N is for No

(This post is part of the ongoing series ABCs of Hospital Chaplaincy.)

It was the most abrupt end to a patient visit I’ve ever had as a hospital chaplain. I had told the man that his comments were beginning to make me uncomfortable, and that if he didn’t go back to talking about something in which I could actually be of help to him in pastoral care terms, then I would leave. He continued saying inappropriate things, so I stood up to go. As I walked out of the patient’s room, all the visitors and staff members in the hall could hear him yelling at me, “Just one night! I need you! I NEED YOU!” Whether it was his medication talking or something else, he insisted that the answer to his numerous problems was spending one night with “a good woman like you.” I had no problem telling him no.

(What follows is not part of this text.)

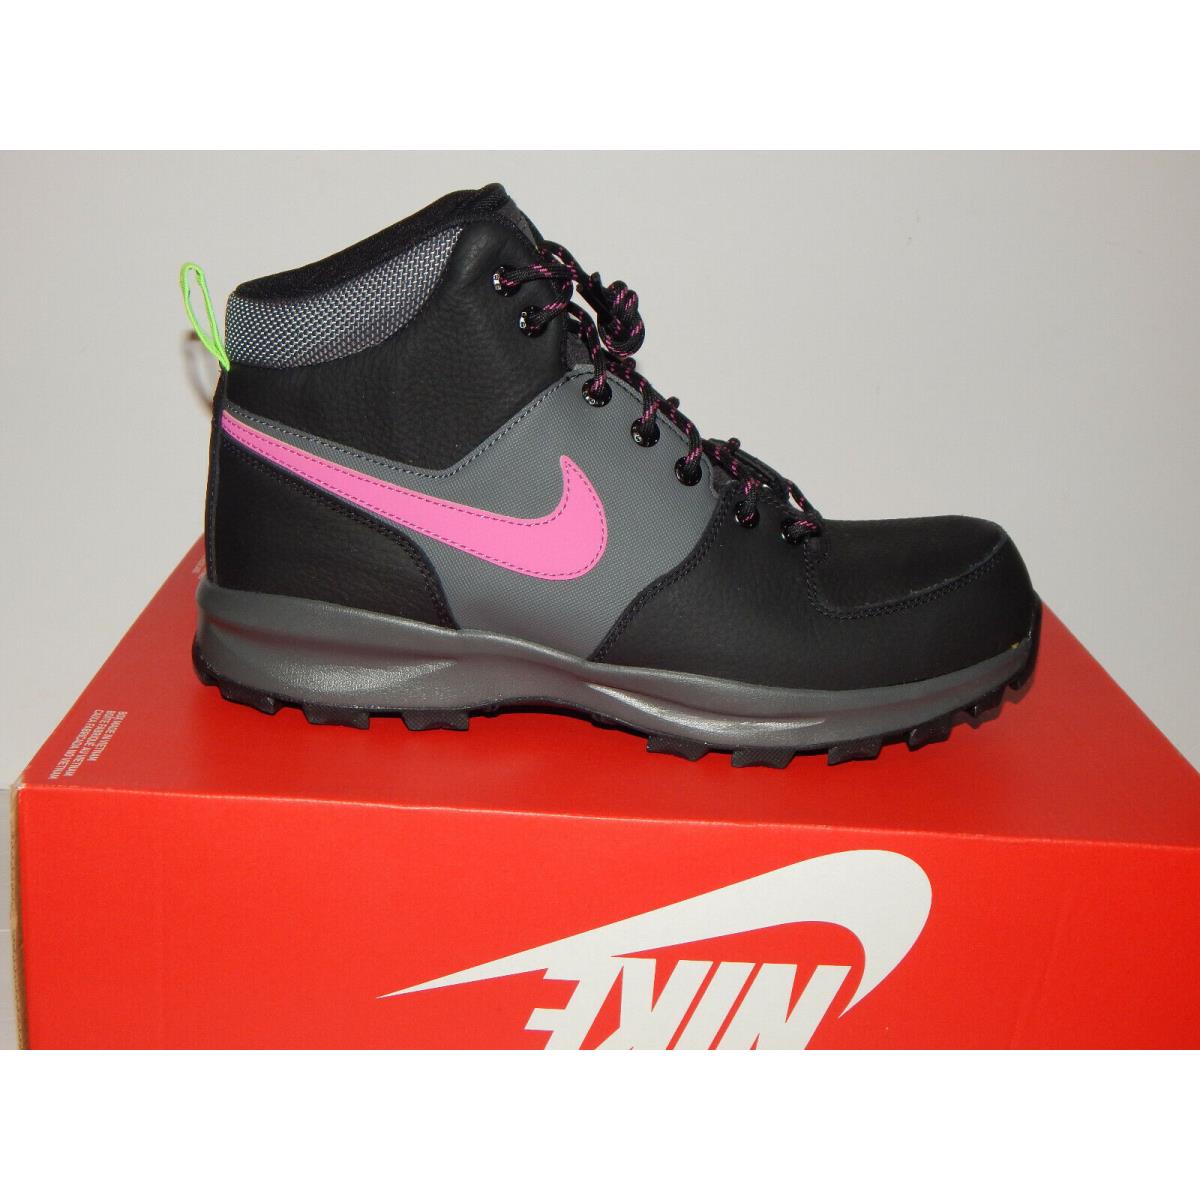 Nike Manoa Leather SE Mens Shoes / Boots CW7360-001 Size 10 Black/fuchsia/grey

Sometimes it is not so easy, however. Saying no can be a difficult but necessary part of my job. I am a people-pleaser by nature. I want to be able to do what is requested of me. I don’t want to disagree with or confront anyone, if I’m honest. It still requires taking a deep breath, saying a silent prayer, and pushing myself. I had to learn the hard way not to say yes to every request – when a patient wanted me to lay hands on his wound, which happened to be in a very intimate location; when a very needy woman asked for my personal phone number, then proceeded to use it several times a day; when I was asked (even jokingly) for a lap dance; when the pager went off again and I had just sat down to eat for the first time in six hours.

Saying no can be a way of setting healthy boundaries. I can’t provide good pastoral care if I’m being taken advantage of, allowing myself to be manipulated into enabling patients’ habits, putting myself at risk, or not taking care of my own physical needs. When I told my CPE supervisor once that I hadn’t eaten anything during my overnight on-call shift, he told me I had to find the time to do so. “But people were dying!” I told him defensively. “It’s a hospital,” he told me calmly. “People are always dying. You still have to eat.” I can take ten minutes to normalize my blood sugar levels. I can pray for the patient’s wound from an appropriate distance, without putting my hand directly on it. I can give out the phone number of the chaplains’ office instead of my own. I don’t have to say yes to everything.

Without a doubt, the most difficult times to say no are when it means contradicting someone else. This I try to do delicately, when I do it at all. Often, it is when a family member or friend of someone suffering a loss offers unhelpful platitudes that hamper their grieving process. “You know we can’t question God,” they might say, or, “Don’t cry. Just be thankful it wasn’t worse.” I believe I need to step in at those moments, to let them know it’s okay to cry or be angry, that asking God why this happened or expressing their most honest, raw emotions in prayer is a sign of deep faith, not the lack of it. If I as a minister can create safe space for them to do that, it can be incredibly healing. At the right time and place, a no can open doors instead of closing them.

4 thoughts on “N is for No

  1. I think once we are comfortable saying “no” that we will get less of the kinds of requests that require a “no.” Why this paradox? Because I think that needy and manipulative people can sense which of us are vulnerable in this boundary area and go after it.
    In the last part of your post, you bring up an infinitely more complex issue that deserves elaboration in future posts: how to handle persons’ comments that seem to be “bad for” them. I say this is complex, because maybe at the particular moment the person states the platitude, they are coping by staying numb and keeping the tears at bay. I might say something back like, “So that’s how you are looking at things at this time, right?” This at least hints that in the future they might find a different way of looking at things. Then depending on their answer, you will see if the platitude is giving them short-term comfort, or whether they feel obliged to say such thing in front of a chaplain, etc. etc. Thus as I say, infinitely complex.

    1. I agree, Karen. The question of damaging theology is too complex to fit into one post. It is easier for me to confront when the person saying it is not one most directly affected by the tragedy/crisis, but an outside source trying to “cheer up” that person. In the cases where the person most affected is the one using these platitudes, I’m more likely to think this may be a protection mechanism that they need in the moment, as you said.

      1. You are absolutely right about this trickier case of someone other than the patient saying the platitude. Ideally, we should take that well-meaning person out of earshot of the patient, and gently get them to see how besides hindering the patient, they are struggling to quell their own anxiety and feelings of helplessness.